如何创建新的闭包单元对象?

时间:2016-06-06 19:58:37

标签: python python-2.7 closures monkeypatching

我需要对我的库进行猴子修补以替换符号的实例,并且它会被某些函数闭包引用。我需要复制这些函数(因为我也需要访问函数的原始未修补版本),但<svg xmlns="http://www.w3.org/2000/svg"><defs><radialGradient id="a" r="1"><stop stop-color="#fff" offset="50%"/><stop offset="70%"/></radialGradient></defs></svg> 是不可变的,我不能__closure__它,所以我怎么能在Python 2.7中创建新的闭包单元对象?

我举例说明了这个功能

copy.copy

我想看看

def f():
    def incorrectfunction():
        return 0
    def g():
        return incorrectfunction()
    return g

def correctfunction():
    return 42

func = f()
patched_func = patchit(f)   # replace "incorrectfunction"
print func(), patched_func()

3 个答案:

答案 0 :(得分:5)

制作闭包单元的简单方法是制作闭包:

def make_cell(val=None):
    x = val
    def closure():
        return x
    return closure.__closure__[0]

如果您想重新分配现有单元格的内容,则需要进行C API来电:

import ctypes
PyCell_Set = ctypes.pythonapi.PyCell_Set

# ctypes.pythonapi functions need to have argtypes and restype set manually
PyCell_Set.argtypes = (ctypes.py_object, ctypes.py_object)
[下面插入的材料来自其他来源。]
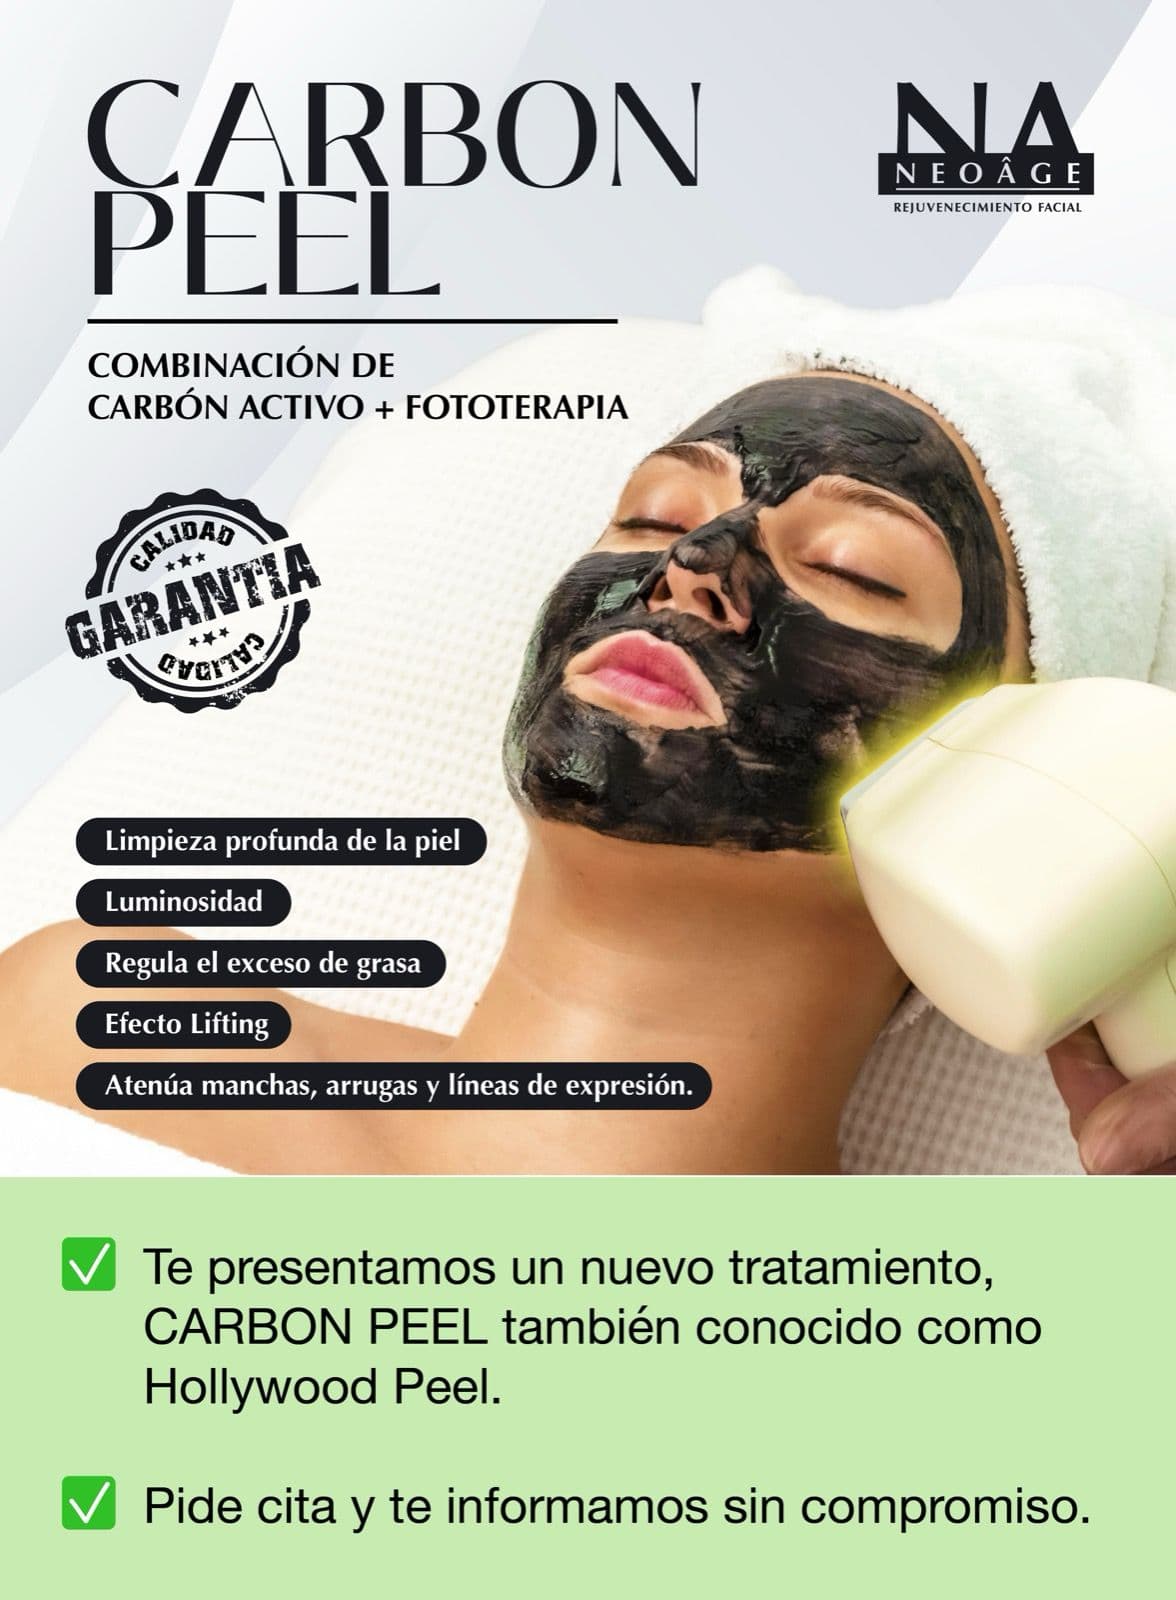 Carbon Peel: ¡consigue una limpieza profunda de la piel!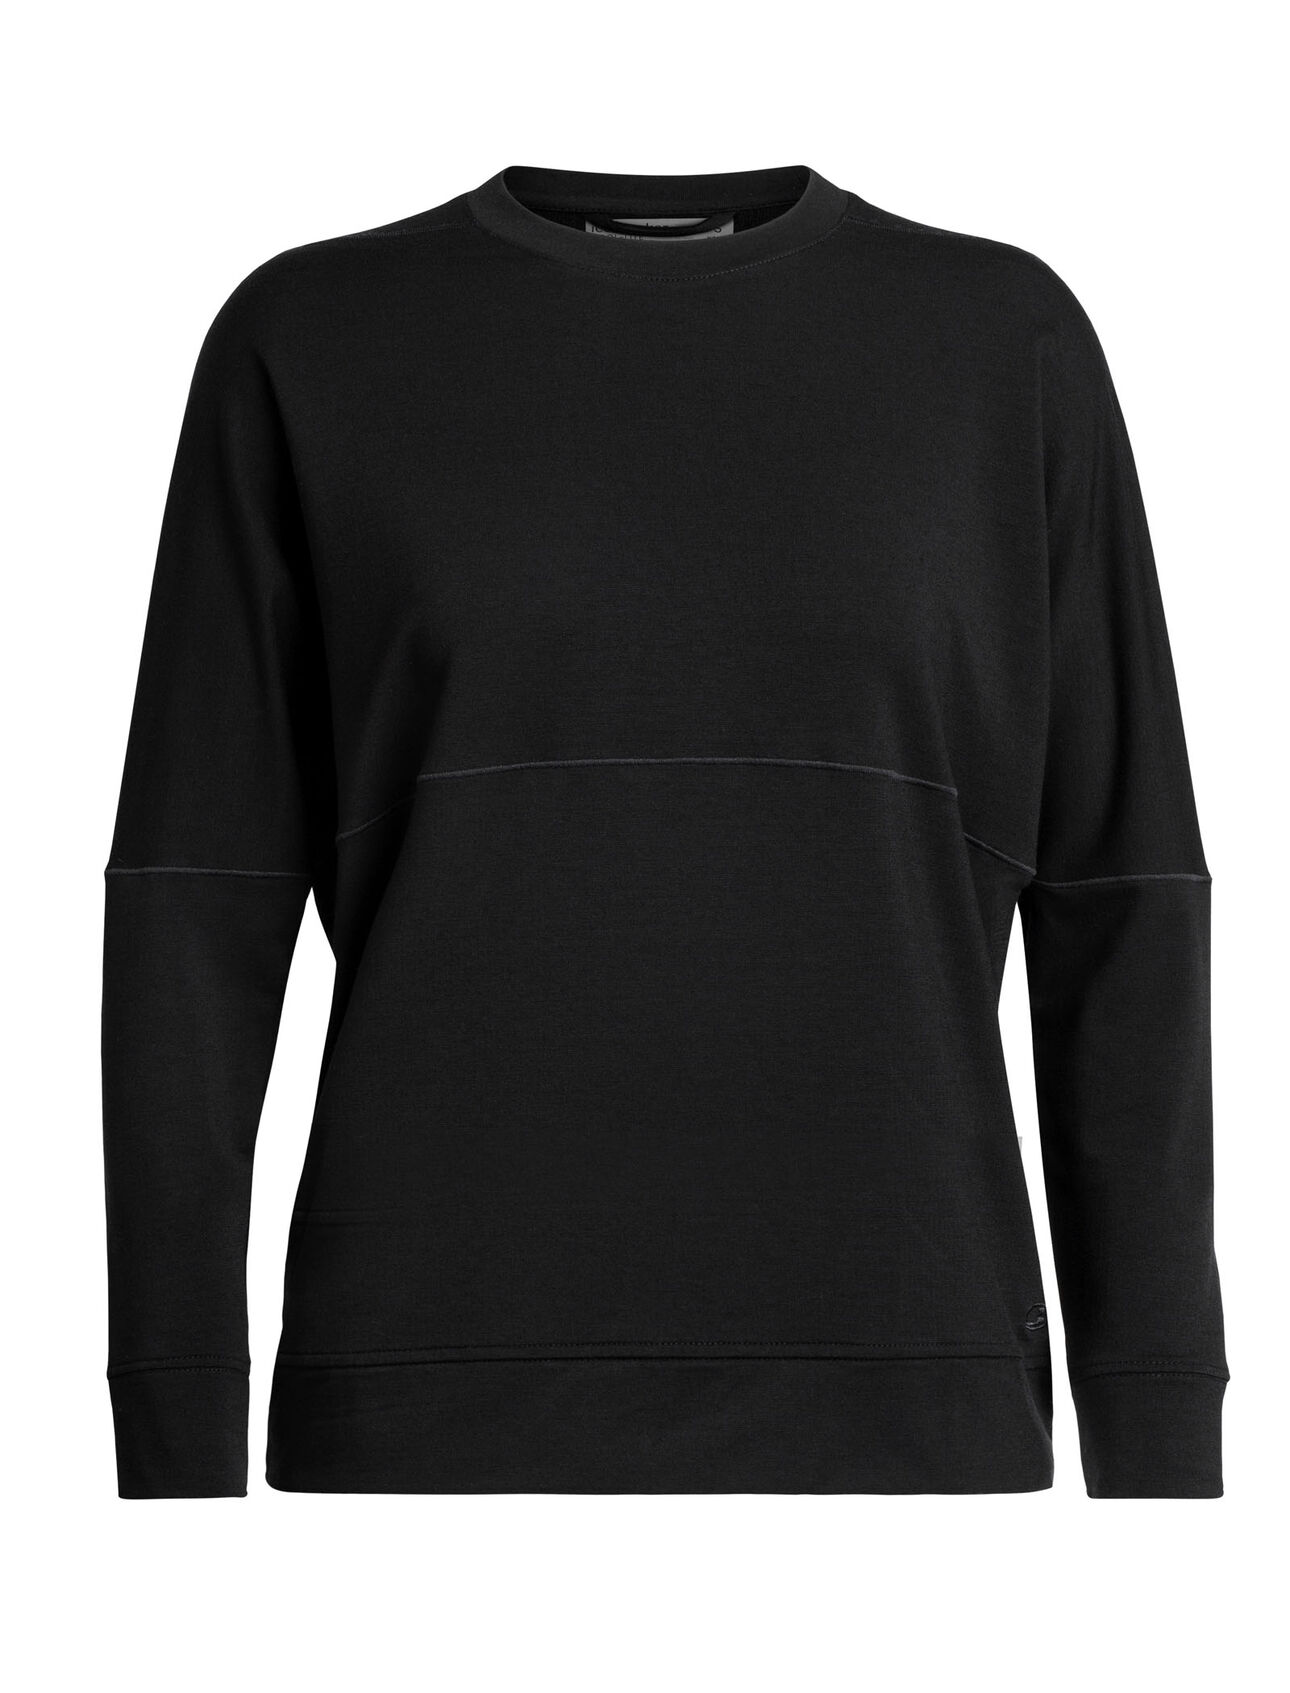 Cool-Lite™ Momentum långärmad sweatshirt i merino med rund halsringning

# restype actually defaults to c_int here, but we might as well be explicit
PyCell_Set.restype = ctypes.c_int

PyCell_Set(cell, new_value)
当然只有CPython。

答案 1 :(得分:1)

在lambda中:

def make_cell(value):
    fn = (lambda x: lambda: x)(value)
    return fn.__closure__[0]

来自https://github.com/nedbat/byterun/blob/master/byterun/pyobj.py#L12

答案 2 :(得分:0)

If you want an empty cell (which is what I found this question for) (One where referencing it raises a NameError: free variable '...' referenced before assignment in enclosing scope and accessing it's cell.cell_contents raises a ValueError: Cell is empty), you can make a value a local variable, but never let it be assigned:

def make_empty_cell():
    if False:
        # Any action that makes `value` local to `make_empty_cell`
        del value
    return (lambda: value).__closure__[0]

You can combine them like this:

_SENTINEL = object()

def make_cell(value=_SENTINEL):
    if value is not _SENTINEL:
        x = value
    return (lambda: x).__closure__[0]

So calling with no arguments returns an empty cell, and with any value, a cell with that value.

If you don't care about empty cells, you can do:

def make_cell(value):
    return (lambda: value).__closure__[0]

Note that it is func_closure in older Python 2, instead of __closure__.